The Fraskan sounded logical enough. They all looked alike to Baathiax.

And, considering the undercurrent of fear the native had been radiating, what he said must be the truth. The Fraskans were just too slavish and decadent to keep their composure through the kind of treatment this one was being given.

The Kah'diz's reasoning was as logical as Vard's story -- and equally false.

It simply did not occur to the creature that a good agent of the opposition would be a carefully trained and fully programmed psychotic.

The transceiver buzzed.

"The generators are on, and up to full power," the voice of the communications officer reported. "All stations are manned and ready."
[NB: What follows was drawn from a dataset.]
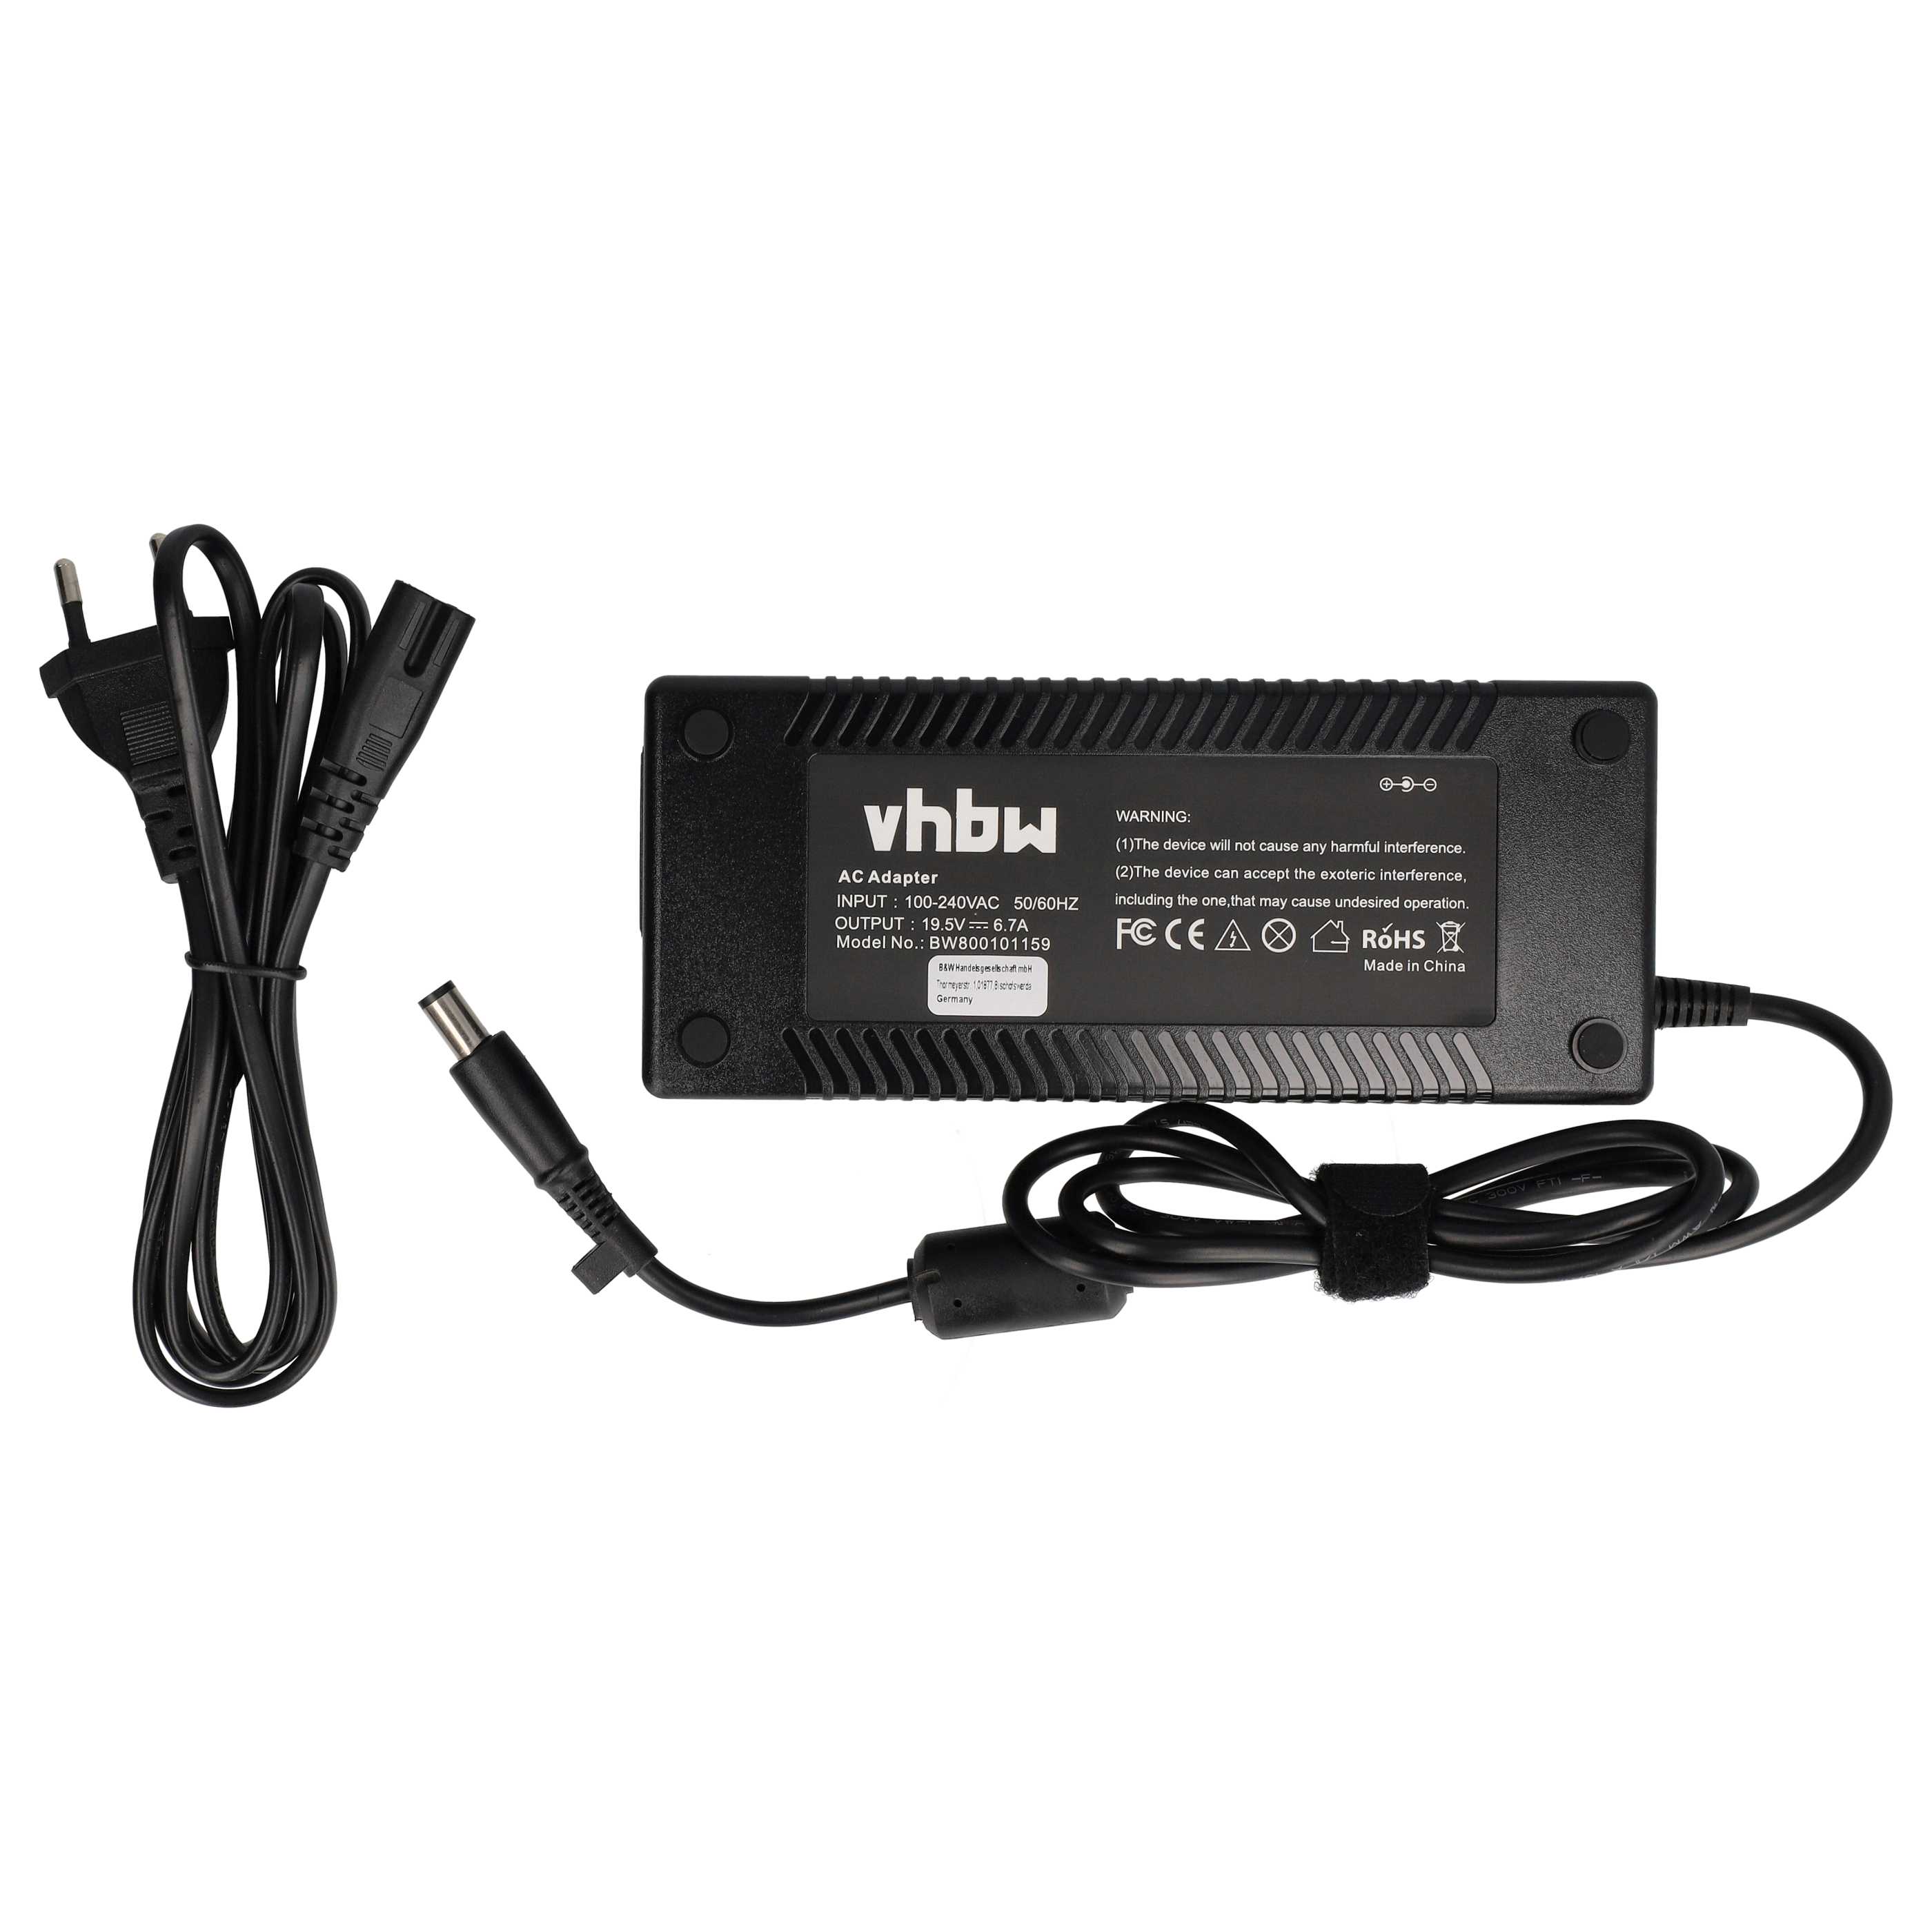 Mains Power Adapter replaces Dell PA-1131-02D for DellNotebook, 131 W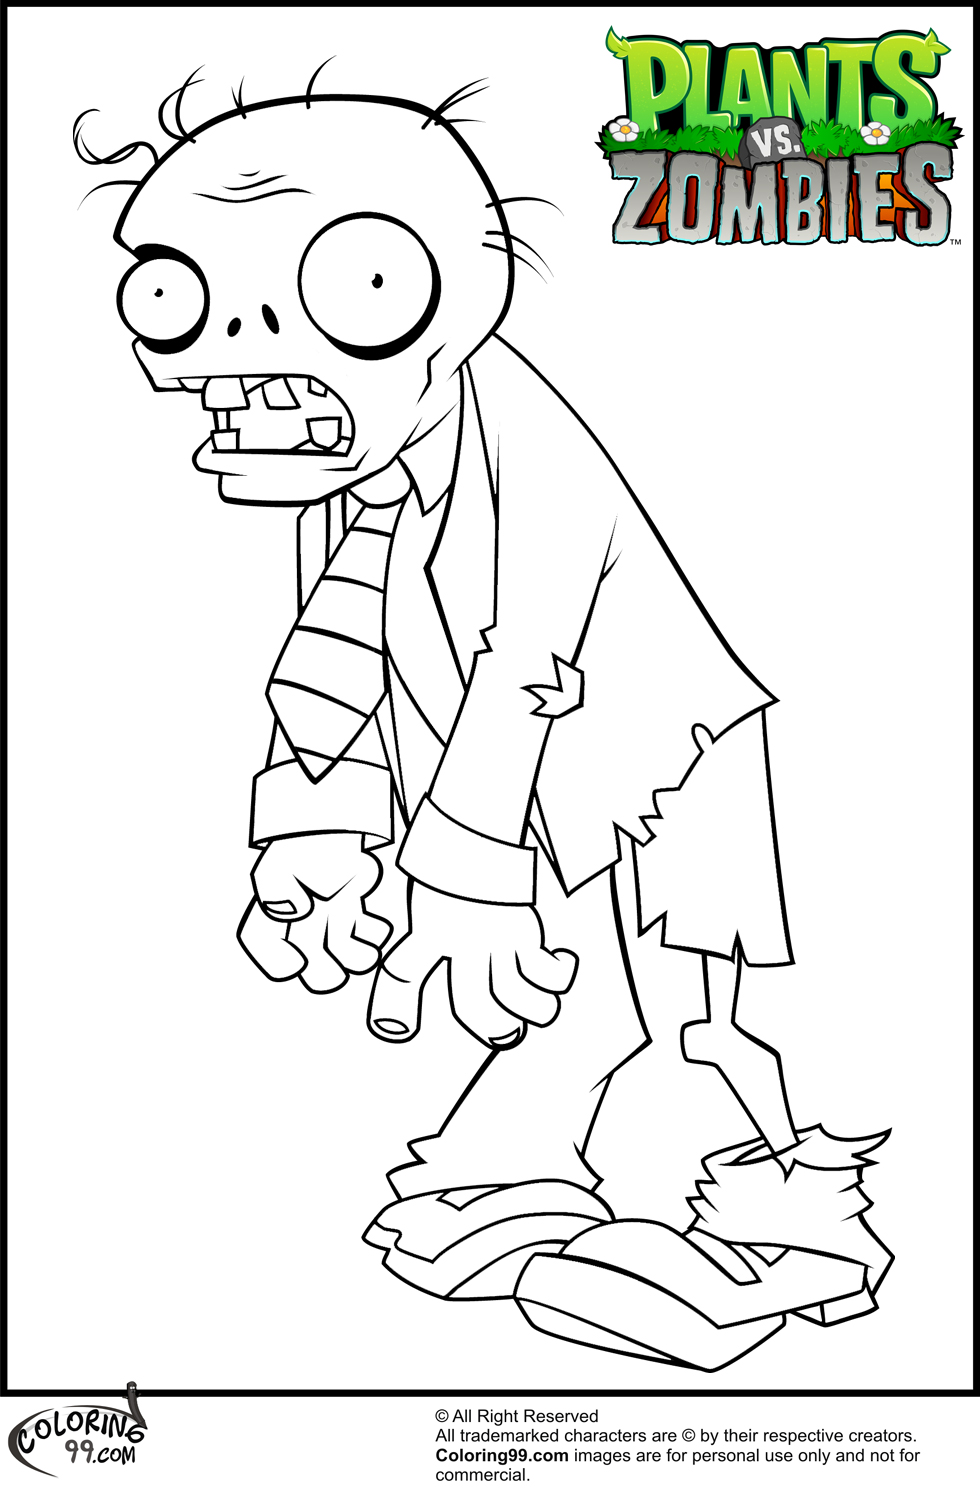 plants vs zombies coloring pages minister coloring

"All right," replied Baathiax. "I'll clear up this mess right now."

With that, the creature removed from a small, skinlined case attached to ita belt a thin, gleaming silver rod, about a meter long. With its host's hands, it reached up and attached a wire from the rod to one of its own tentacles, which it had disengaged from the host's neck. A thin drop of golden-colored Fraskan blood dropped onto the host's shoulder.

The wire was actually a tiny tube, Vard saw, and the hair-thin tentacle slipped into it. The "wire" uncoiled from inside the rod, giving enough slack so that the rod could be held in front of the Kah'diz. Vard heard a faint hum of power, and a sickly purple glow seemed to overtake the rod, clinging like an eerie mist.

Baathiax turned to Vard and the few others still on the platform. "You will feel certain things," it warned them, "but it won't be the power that the ones forward and below will receive. The field is quite directional. You should have the willpower to reject anything you might get as feedback. If not, get as quickly as possible to the other side of the platform, opposite the beam. The effect will be minimal there."

Baathiax suppressed a quick urge to shoot his fellow Conquerors a jolt of suicidal tendencies with a flight motif, considering it was forty meters to the ground and none of them had wings. But, there was diplomacy. Baathiax returned quickly to the business at hand.

Vard, the closest, was the first to feel it: a vague lethargy, a feeling of wearied quietude, a will to forget whatever one had in mind and return to the comfort and safety of the previous day's lodgings. Nothing much was very important, it seemed. He felt as if he was in a dream-like fog, unaware of his location, or purpose. With great difficizity he shook it off, but he stepped back and away from the emotion-master. If this was a case of mild feedback, what must it be like out there in the jam?

Vard now felt the mood slowly changing. And he saw that few in the crowd below had moved.